Телевизионщики привезли из Москвы письма и магнитофонные записи голосов родственников и знакомых восходителей. Кононов вставил кассеты в экспедиционный магнитофон, и на 7800 послышались родные голоса.
"Эдик окунулся в тёплую домашнюю обстановку в окружении своих трех женщин. Я вспомнил эту чудесную семью и не мог не позавидовать ему. Сколько нежности было в словах и сколько старания в песнях под пианино его жены и дочерей", – записал в дневнике Балыбердин.
Ему самому, холостому и весьма замкнутому человеку, "передавала привет всего лишь развесёлая компания приятелей-ленинградцев".
Вторая новость. Утром из базового лагеря вышли Иванов, Ефимов, Бершов и Туркевич.
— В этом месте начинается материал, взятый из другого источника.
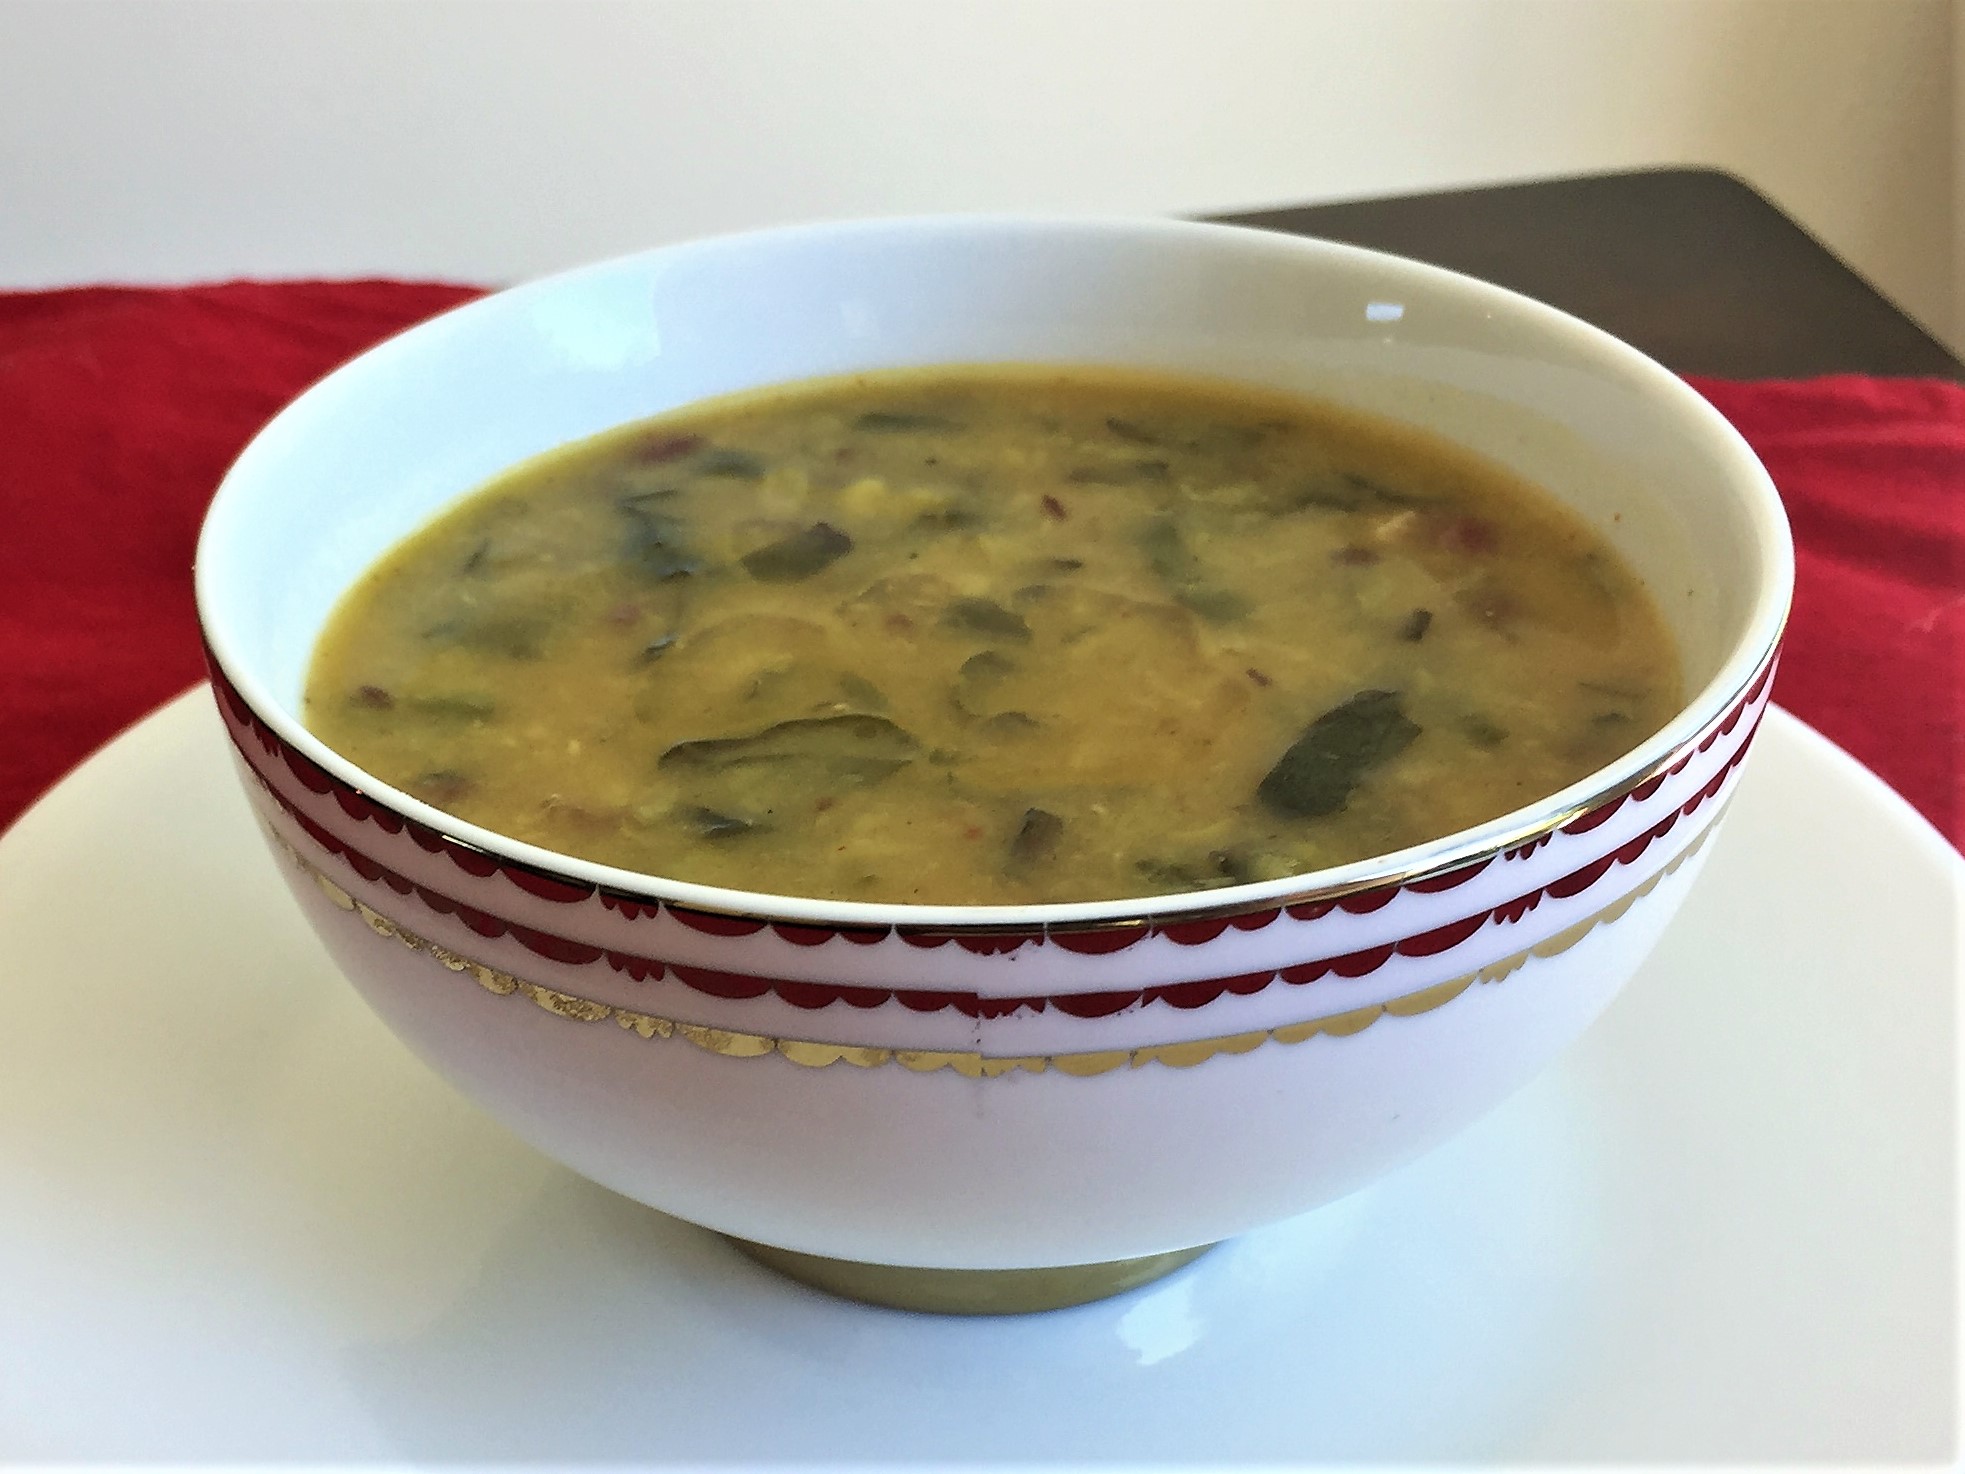 Moong daal/yellow lentils with beet greens - The Kitchen Docs

Накануне они предложили внести некоторые изменения в новую схему штурма. Группа планировала обеспечить кислородом не только передовую двойку, но и себя. Они хотели быть в меньшей зависимости от следующей за ними четверки Ильинского. Учитывая, что Мысловскому и Балыбердину предстояла тяжёлая работа вдвоём, надо иметь в виду возможные чрезвычайные события. Тамм обещал обсудить предложение на тренерском совете и сообщить позже о принятом решении.
30 апреля. Утром Мысловский, Балыбердин и Наванг долго прикидывали, как бы унести все необходимые грузы до четвертого лагеря. Наконец нагрузились примерно так: Балыбердин – 29 килограммов, Мысловский – 27, Наванг – 26. (В базовом лагере забеспокоились: слишком тяжелы рюкзаки для отвесных скал на этом участке маршрута). Балыбердин, выйдя часа на полтора раньше, прихватил из третьего лагеря ещё и кинокамеру "Красногорск", которую занес сюда Шопин. Поднявшись до гребня, занялся съёмкой.
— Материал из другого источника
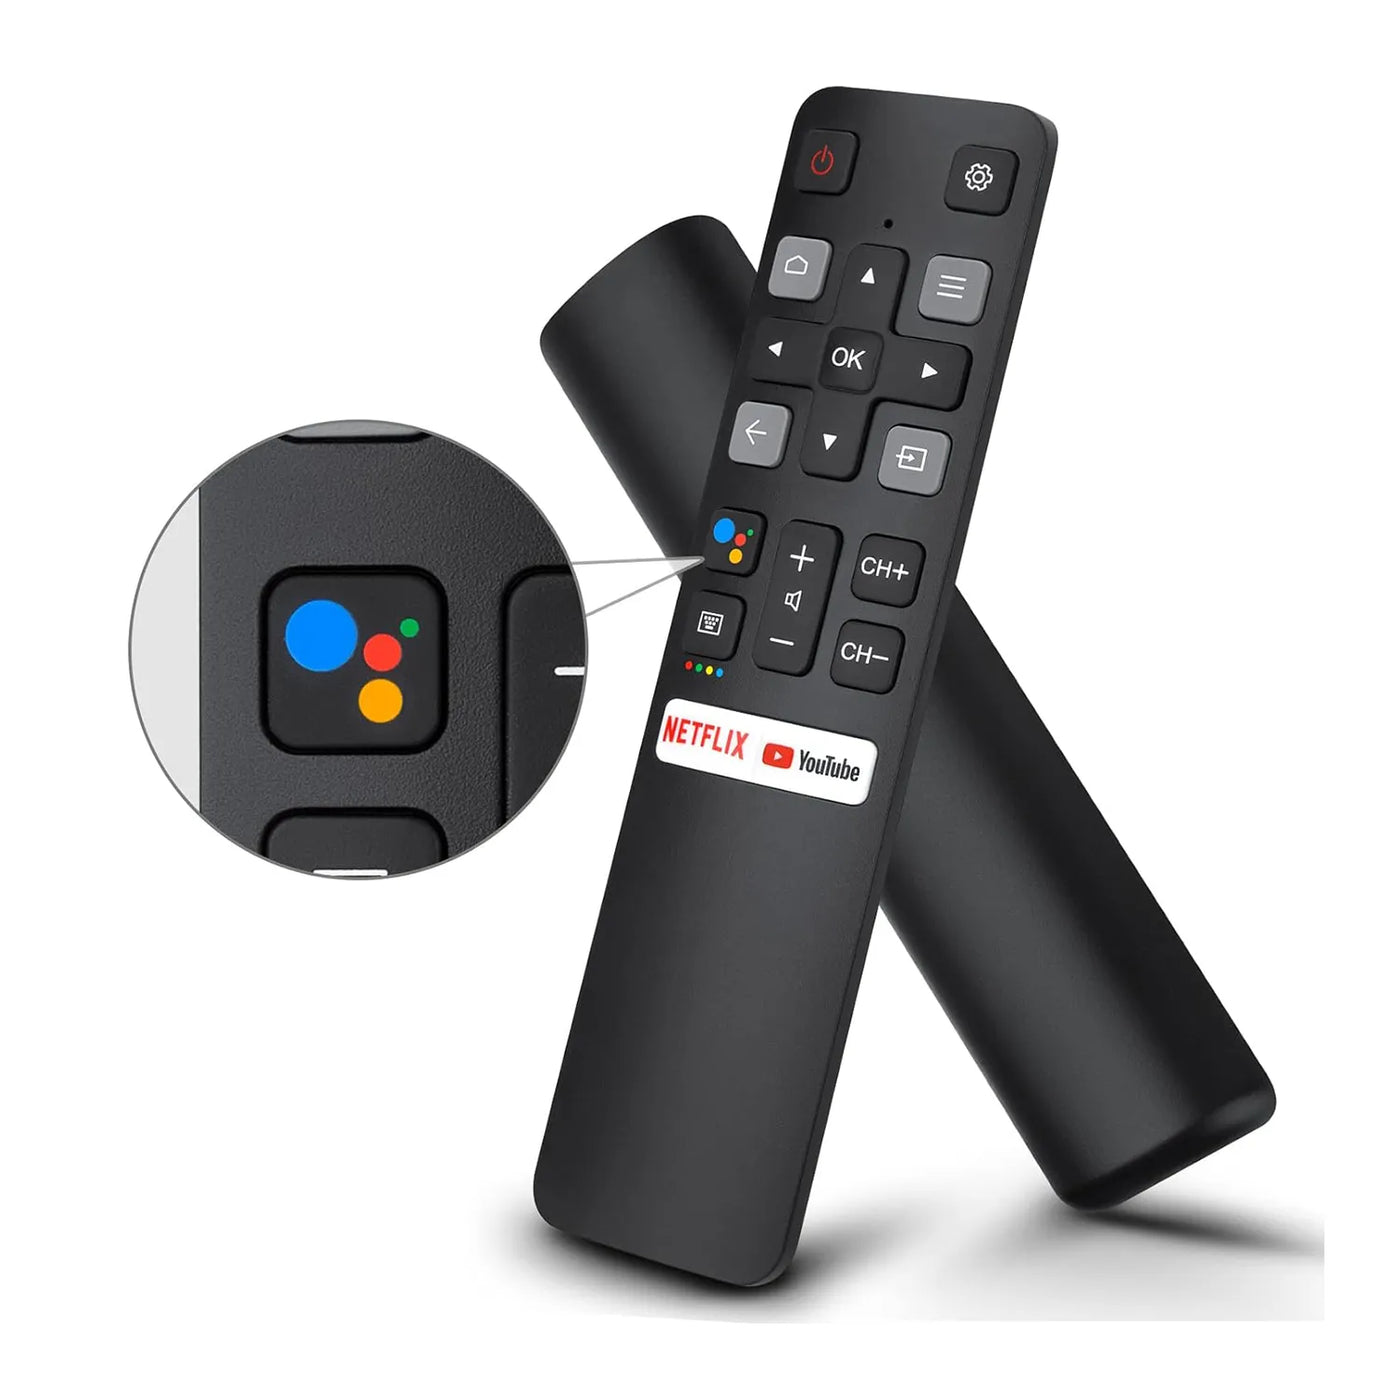 Muvit TCL Smart Tv Remote Control with Voice Control

Тем временем из лагеря вышел Наванг (он самый маленький из высотных носильщиков и огромный рюкзак почти с него ростом). Вслед за ним – Мысловский. Прошли пять верёвок и оказались на высоте около 8000. Перед отвесным кулуаром шерпа неожиданно остановился и сказал подошедшему Мысловскому, что у него болят глаза. Тот отдал ему свои очки. Наванг надел их, поднялся ещё на несколько метров. Снова остановился: "Извините, не могу. Не пойду…"
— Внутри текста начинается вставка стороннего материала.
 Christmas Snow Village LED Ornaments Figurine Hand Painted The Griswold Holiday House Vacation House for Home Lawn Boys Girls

Расстроенный Наванг начал спускаться к третьему лагерю. Переложив в свой рюкзак его кислород, верёвки, крючья, Мысловский пошёл вверх вслед за Балыбердиным, ушедшим уже далеко. Их отделяло примерно полтора часа пути и 120 метров по вертикали. Но иногда они видели друг друга и даже могли переговариваться. Продвигались вперёд с неподъёмными рюкзаками очень медленно. Слишком медленно.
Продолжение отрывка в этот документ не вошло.